Maxwell also points out that high-temperature materials and precision component makers could also benefit from maintenance and repair works, which bodes well for companies like Precision Castparts, Howmet Aerospace, and MTU Aero Engines.
However, Goel doesn’t see a big opportunity, though he also concurs that the market is cornered by Rolls-Royce, GE, Bombardier, Embraer, and a handful of players.
Goel reasons that the aviation market is oversupplied due to the capacity added since 2021.
He also points out that a lot of planes are grounded due to geopolitical issues.
“As long as the geopolitical tensions do not fade away, the aviation market is going to suffer because of that” Goel added.
Could aeroderivative supply affect Boeing and Airbus?
Could commercial aircraft makers suffer from aeroderivative engines being supplied to data centers?
Airbus, in its recent results, said that the monthly output of its signature A320 aircraft could fall below 75 units by the end of next year due to Pratt and Whitney's inability to keep up with the demand.
The aerospace company said it plans to deliver 870 jets this year and could have done more if there were adequate engine supplies.
Maxwell sees a modest and timing-dependent impact rather than a new structural bottleneck.
“There is some shared capacity between aircraft engines and aeroderivatives, so incremental turbine demand could marginally tighten an already stretched supply chain. However, commercial aviation programmes have priority and higher margins, meaning OEMs will continue to allocate scarce components to flight-critical engines first”, he added.
According to Maxwell, there is a risk if suppliers invested capital to serve the stationary power demand, which could reduce focus on “ increasing narrow-body engine output, slowing recovery timelines for Airbus and Boeing.”
But he reasoned that greater use of supplier facilities could enhance economies of scale and support capacity expansion, ultimately benefiting aircraft production.
Goel also notes that the supply constraints might be only for a few quarters and not a long-term one.
Can retired aircraft engines solve the supply issue
Some companies are converting old aircraft engines to for data center use.
FTAI Aviation announced in December 2025 the launch of FTAI Power, a platform designed to convert CFM56 aircraft engines into 25-megawatt natural gas aeroderivative turbines for AI and cloud data center power demand.
Landon Tessmer, vice president of commercial operations at ProEnergy, said the company’s PE6000 gas turbines are being used to power data centres during its first few years.
VT Market’s Maxwell said the investment’s worth would be dependent on “refurbishment costs and expected duty cycle.”

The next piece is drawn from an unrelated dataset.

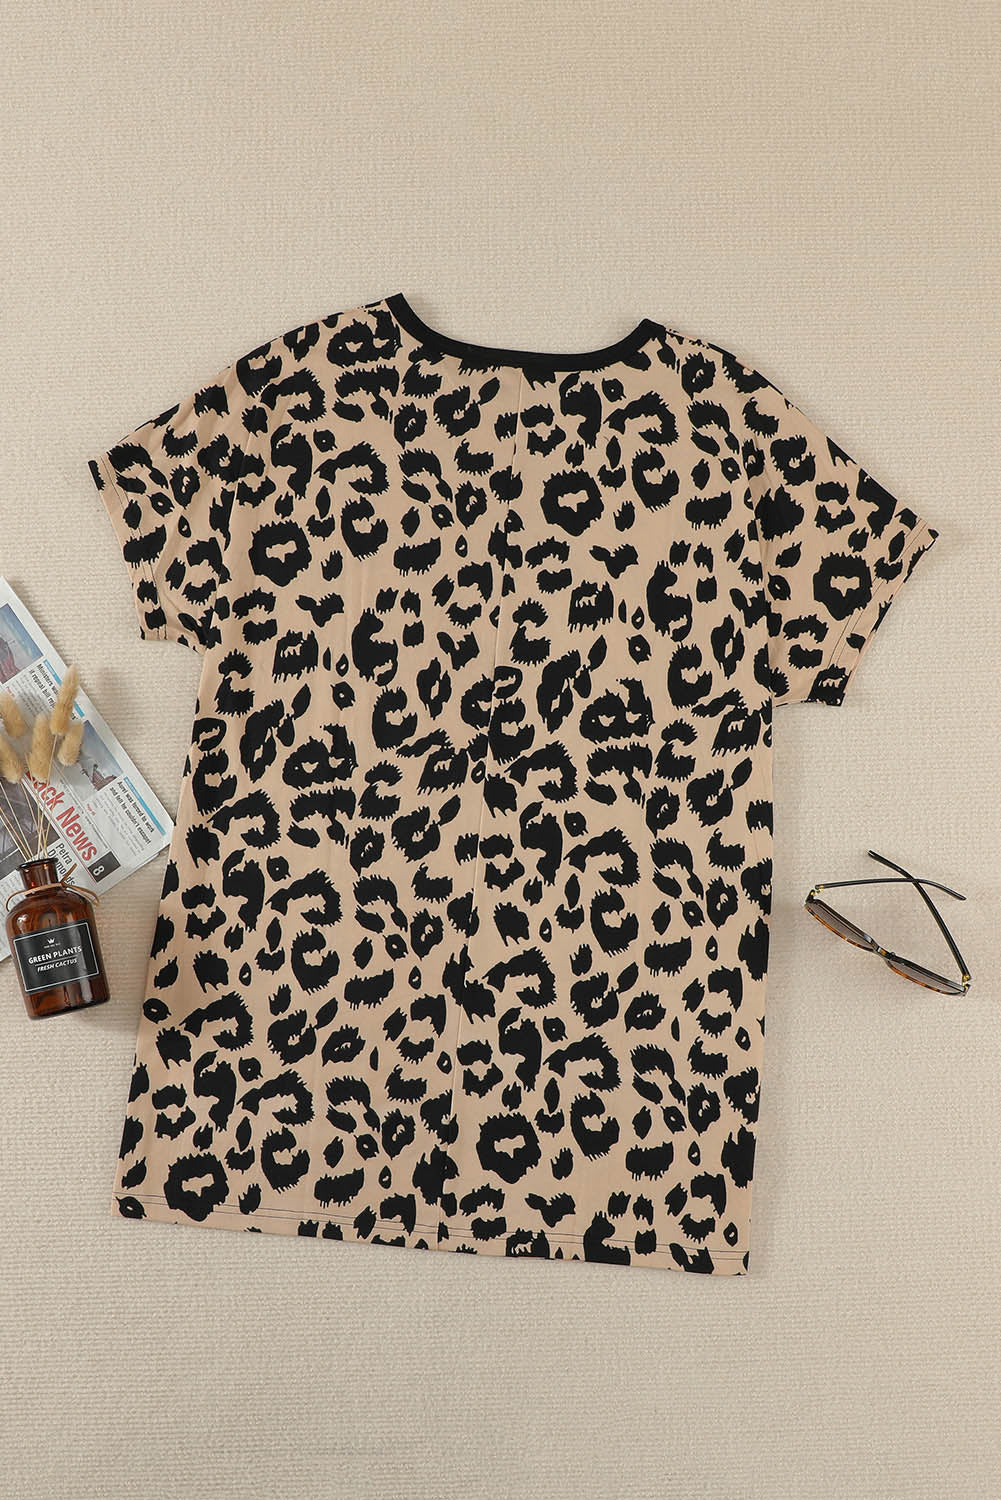 Robe T-shirt Courte Mmarron Poches Imprime Leopard Manches Courtes

“Data centres require high reliability and predictable maintenance timeframes, which favours purpose-built aeroderivatives with established service programmes. Converted engines can be cheaper upfront and faster to deploy, making them attractive as a short-term option, but lifecycle costs and parts availability can be less certain. Critically, the pool of suitable retirements is limited. It may ease near-term, but it is unlikely to materially shift the long-term supply balance.”
While AI-driven power demand is opening new avenues for aeroderivative turbines, analysts suggest the aviation supply chain is unlikely to face the kind of shortages seen in memory chips.
Instead, any pressure may appear as longer backlogs or service constraints, with the broader impact on aviation and turbine markets expected to remain limited.